Liu Jiamin, Lian Heng
IEEE Trans Neural Netw Learn Syst. 2025 Jun;36(6):10371-10380. doi: 10.1109/TNNLS.2024.3453036.
We investigate the decentralized nonparametric policy evaluation problem within reinforcement learning (RL), focusing on scenarios where multiple agents collaborate to learn the state-value function using sampled state transitions and privately observed rewards. Our approach centers on a regression-based multistage iteration technique employing infinite-dimensional gradient descent (GD) within a reproducing kernel Hilbert space (RKHS). To make computation and communication more feasible, we employ Nyström approximation to project this space into a finite-dimensional one.
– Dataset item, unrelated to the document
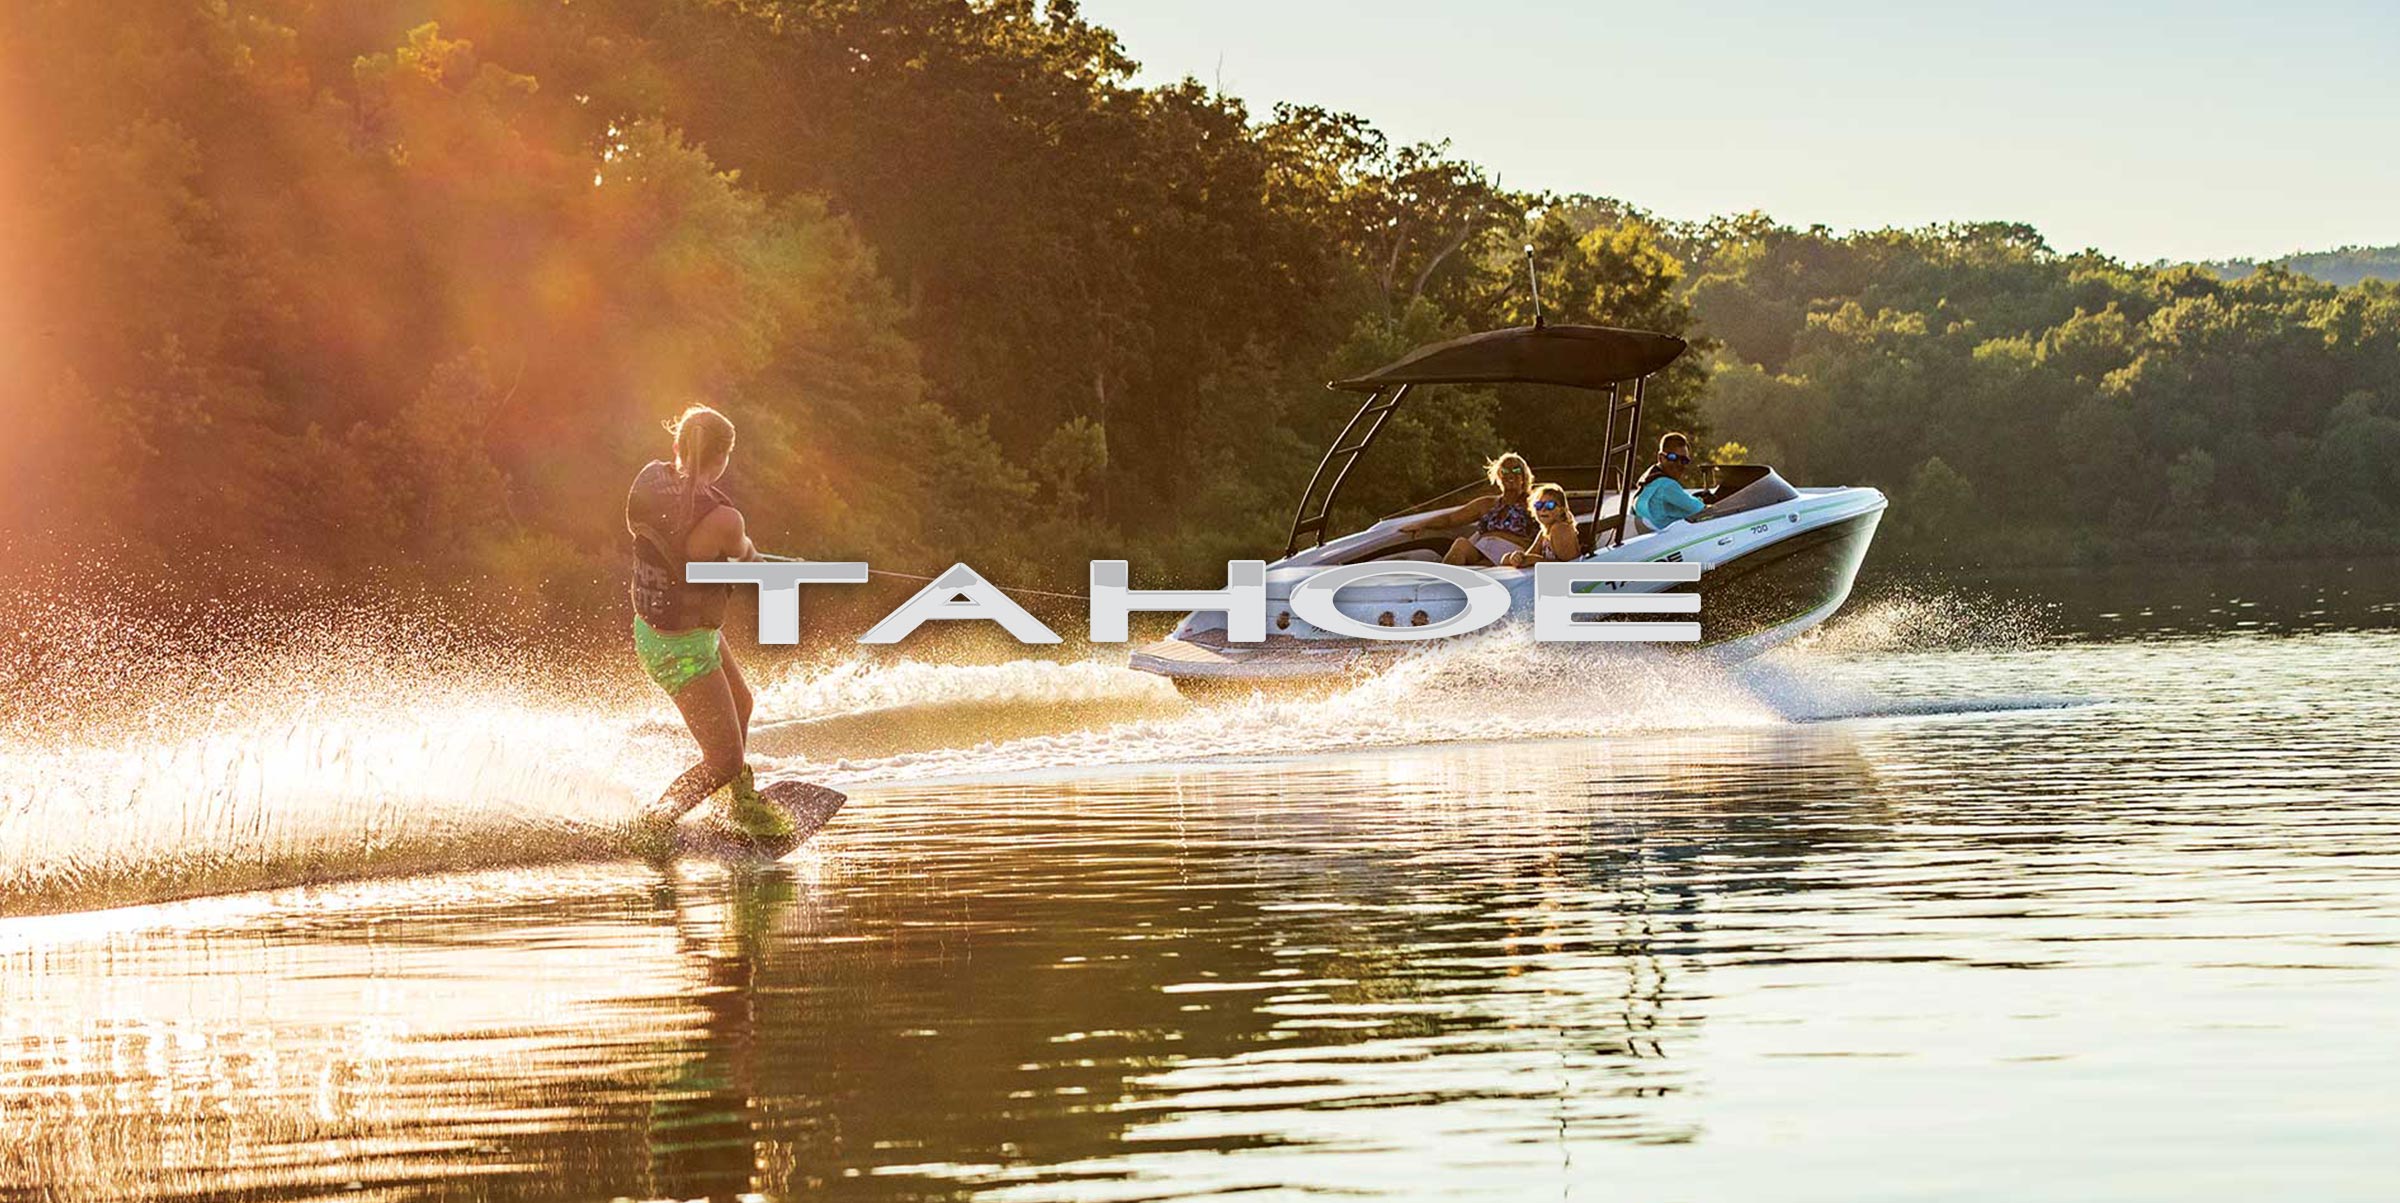 Tahoe logo on Tahoe Boat pulling wakeboarder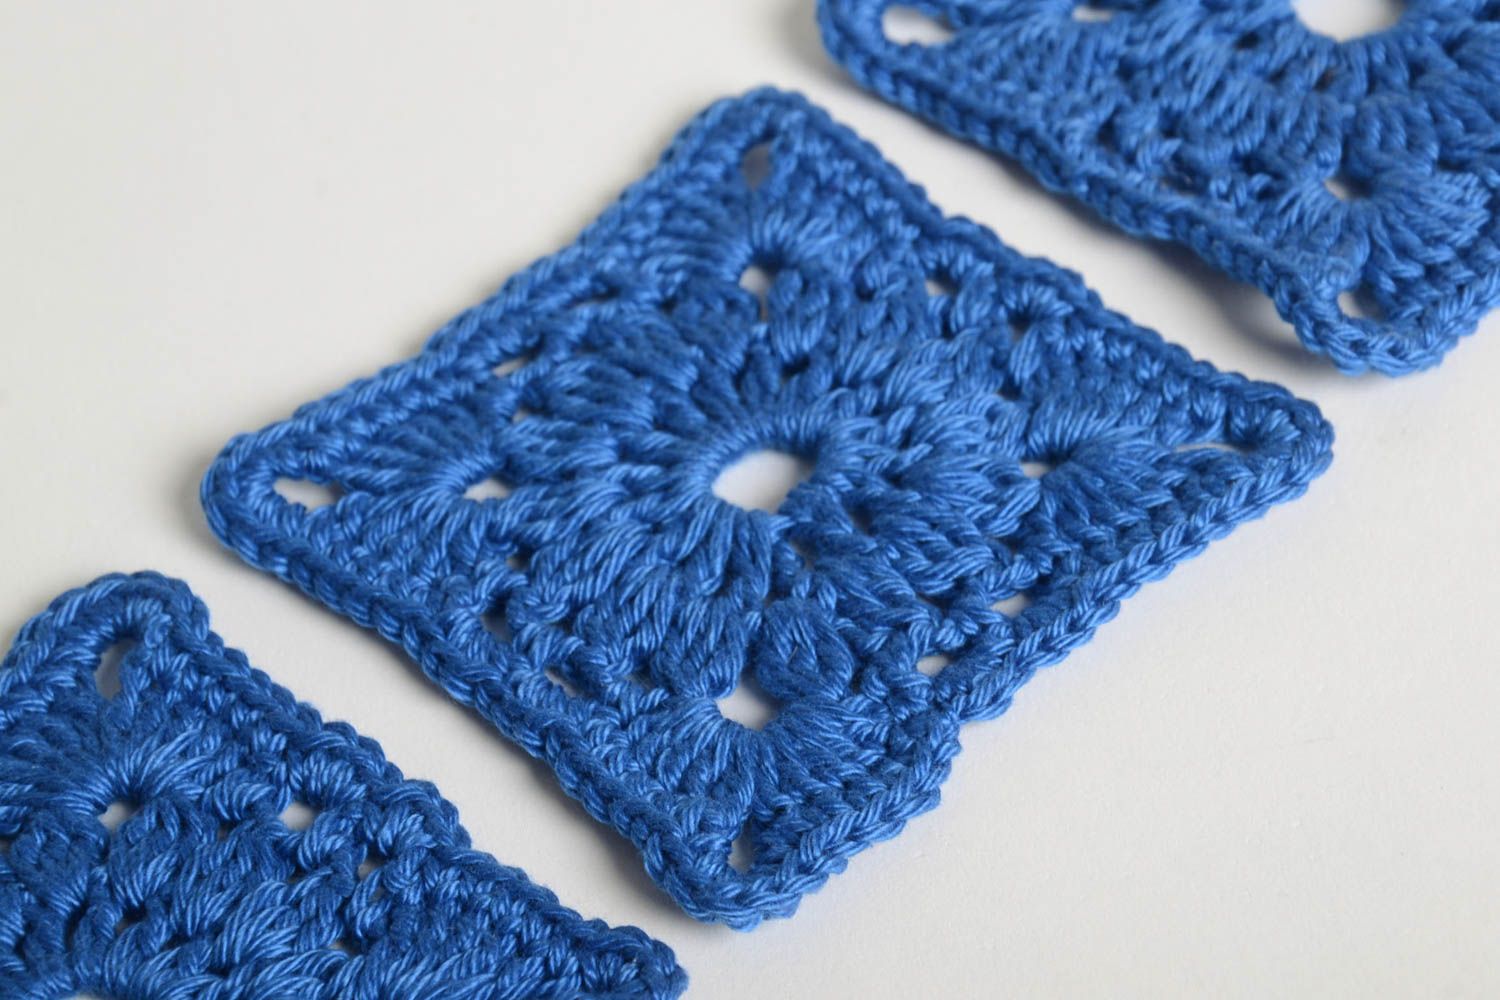 Cute handmade hot pads 4 pieces crochet coaster home textiles kitchen supplies photo 3

We establish statistical error bounds to describe the convergence of value function estimation, marking the first instance of such analysis within a fully decentralized nonparametric framework. We compare the regression-based method to the kernel temporal difference (TD) method in some numerical studies.
我们研究强化学习(RL)中的分散式非参数策略评估问题,重点关注多个智能体协作使用采样状态转移和私有观察奖励来学习状态值函数的场景。我们的方法以一种基于回归的多阶段迭代技术为核心,该技术在再生核希尔伯特空间(RKHS)内采用无限维梯度下降(GD)。为了使计算和通信更可行,我们采用Nyström近似将此空间投影到有限维空间。我们建立统计误差界来描述值函数估计的收敛性,这是在完全分散的非参数框架内进行此类分析的首次实例。在一些数值研究中,我们将基于回归的方法与核时间差分(TD)方法进行了比较。